Further this forum observed that no liability of ‘unfair trade practice’ could be fasted on the O.Ps. This forum carefully gone through the defination of ‘unfair trade practice’ under section 2(1)(r) of the C.P. Act, 1986. At the relevant time, under no sub-clause of the defination of ‘unfair trade practice’ the O.Ps could be held to be liable for indulging in ‘unfair trade practice’.
Again this forum observed the present complaint was filed after a lapse of 4 fours i.e in the year 2018. The complaint is, therefore , clearly time-barred as it was filed beyond a period of 2 years as allowed for filing consumer complaints from the date of cause of action as per Section 24-A of the C.P.Act, 1986. The complainant has not been able to give any cognet and convincing reason for not filing the complaint within the period of limitation.
This forum further relied another similar type of case citation which are mentioned here:-
It is held and reported in C.P.R.2006(3) page No.215 the Hon’ble National Commission where in observed “ Where car was damaged by fire due to short circut while car was standing in parking area, this can not rule out the possibility of some manufacturing defect in the car and the complainant has already been compensated through the insurance claim”.
In the instant case the at the time of alleged incident, i.e. on Dt. 9.2.2018 the said vehicle was running “without insurance” which is grave violation of provision of Central Motor Vehicles Act, 1988. Further the above vehicles insurance was inforce up to 21.04.2017. Thereafter the complainant was not paid premium and no policy had been issued in favour of the complainant because of that the complainant had been deprived of to get insurance amount towards compensation.

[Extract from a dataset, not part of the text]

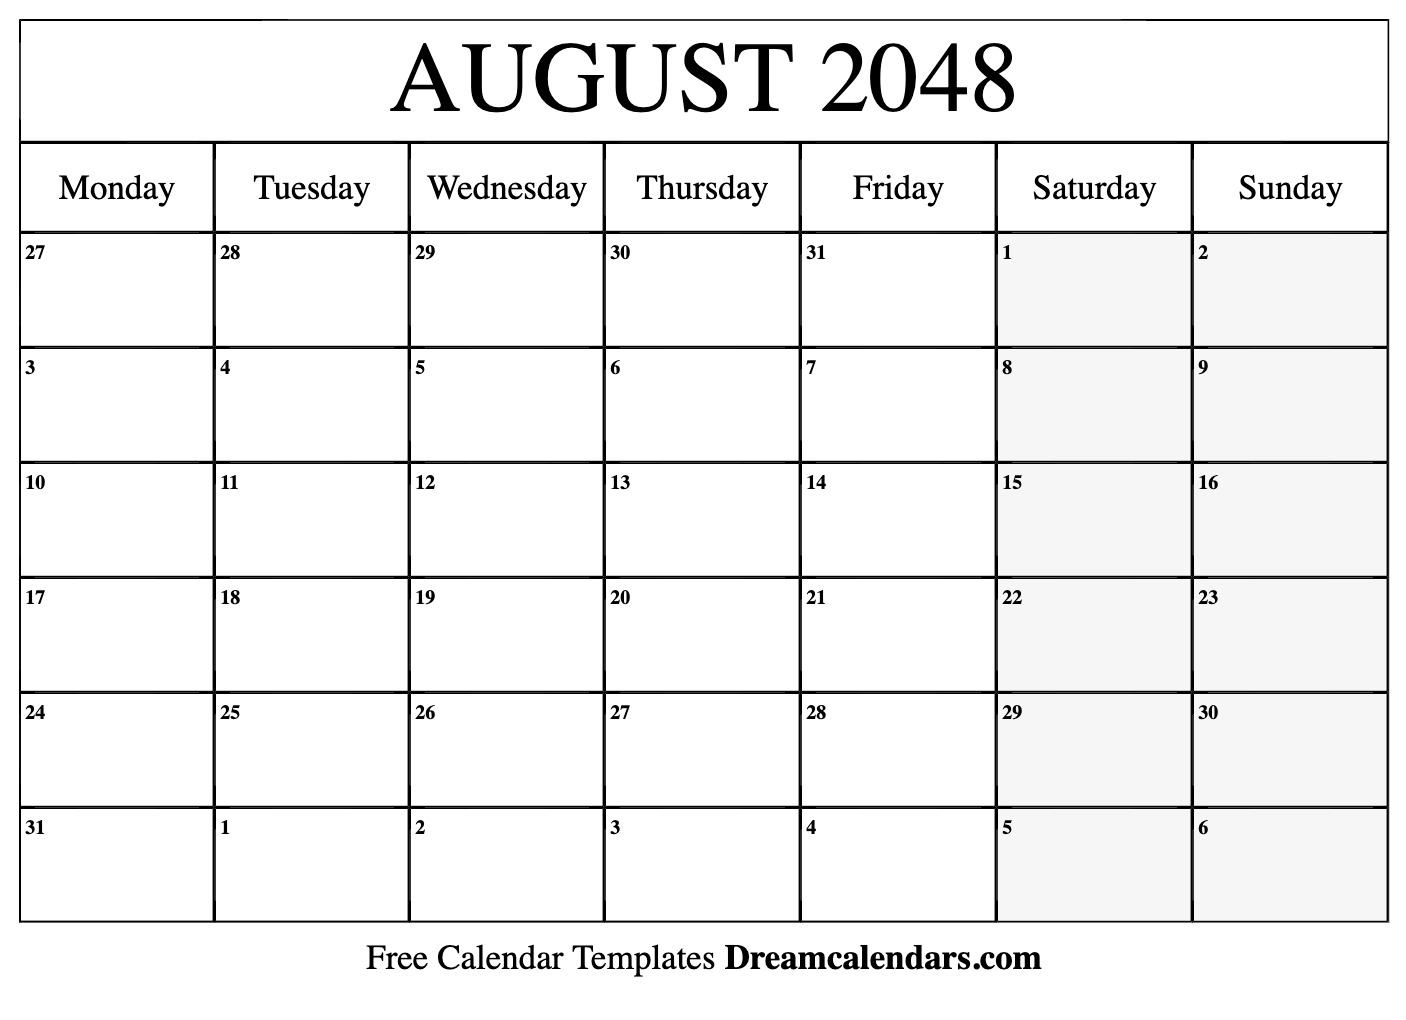 August 2048 calendar free blank printable templates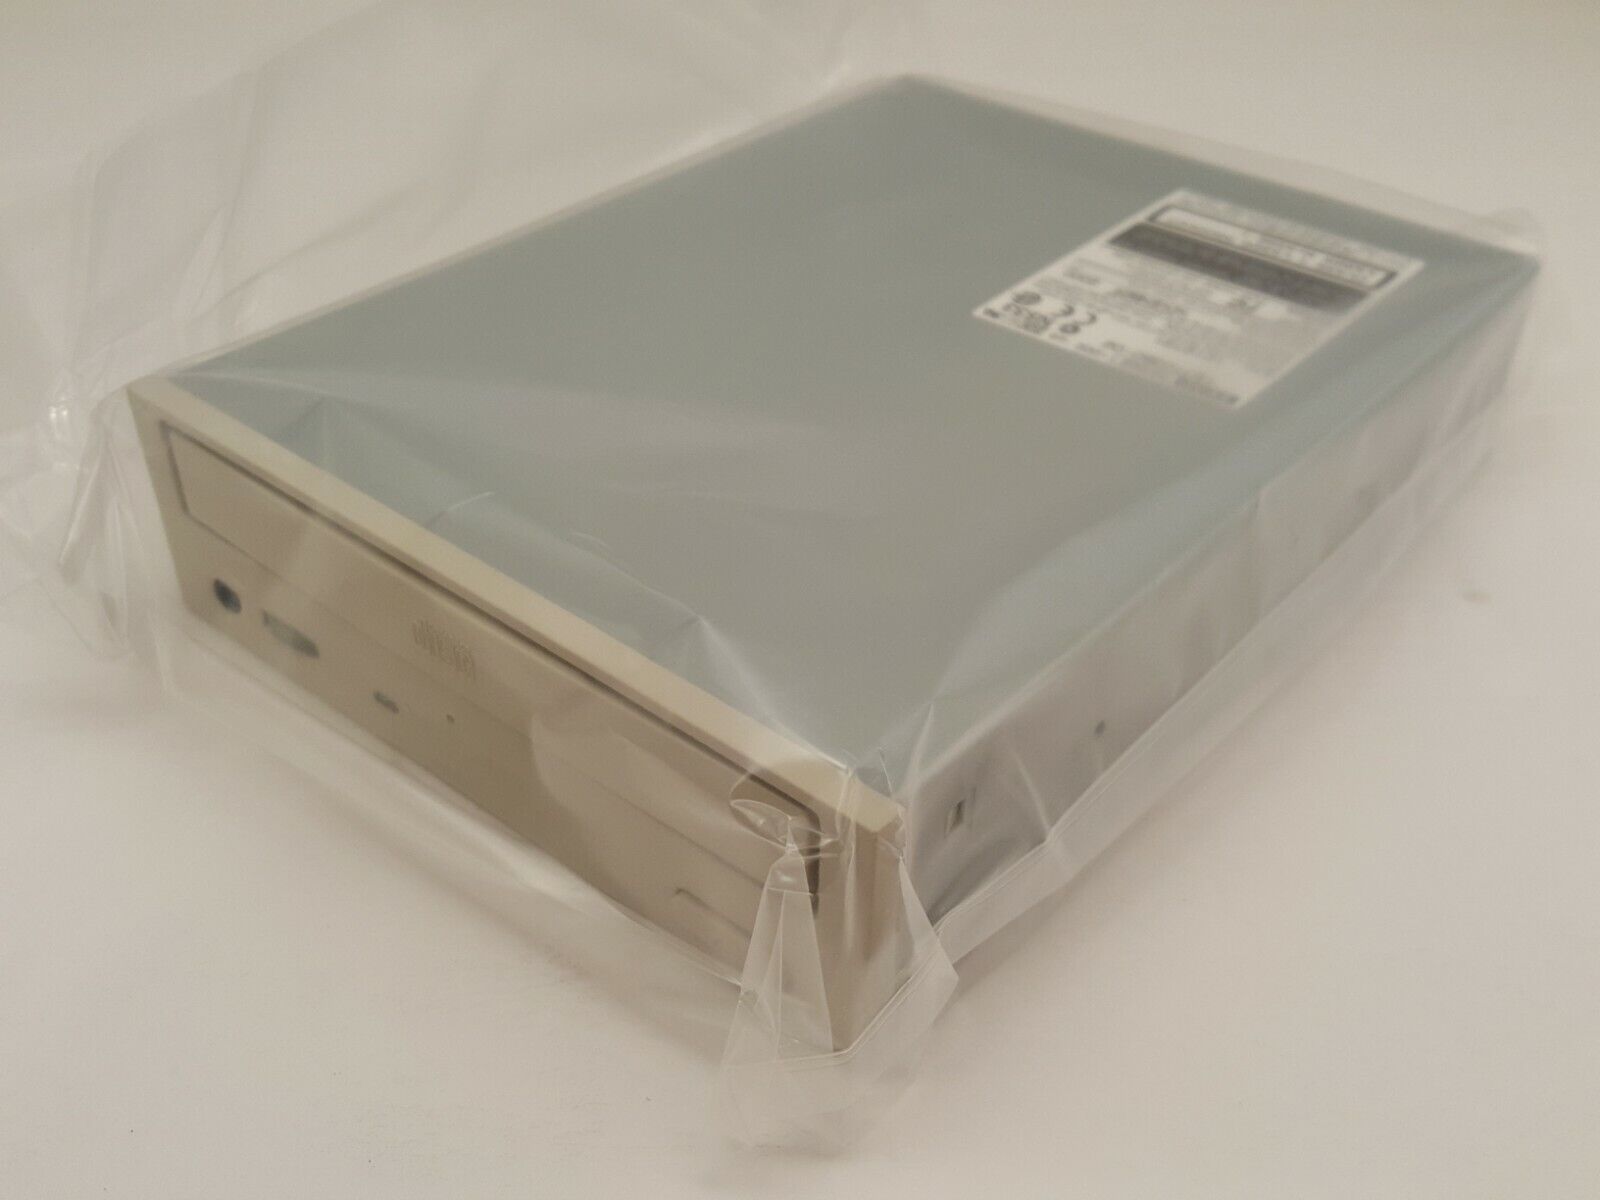 TEAC 32X CD-ROM Drive | 50 Pin SCSI Interface | Model CD532S | 19770350-02 | NEW

In this connection this forum relied another similar type of case citation it is held and reported in C.P.R 2005(1) Page No. 10 the Hon’ble National Commission where in observed “Unless premium amount is received the insurer can not assumed the risk”.
The O.Ps vehemently argued that in this case there is no defect in the above set of the complainant within warranty period, but the complainant has filed this fabricated complaint only to tarnish the reputation of the O.P No.2 after warranty period and to secure the unlawful gains from the O.Ps.
In view of the facts and circumstances of the case and on perusal of the material on record we are inclinded to hold that there is no deficiency on the part of the O.Ps . Keeping in view the above , we find that the present case in hand have no legs to stand on and are not supported by the material on record. Therefore the present case is liable to be dismissed.
To meet the ends of justice the following order is passed.
ORDER.
In resultant the complaint stands dismissed without cost and compensation.
Copies of the order be served on the parties free of cost as per rule.
Dictated and corrected by me.
Pronounced on this 27th . August, 2019.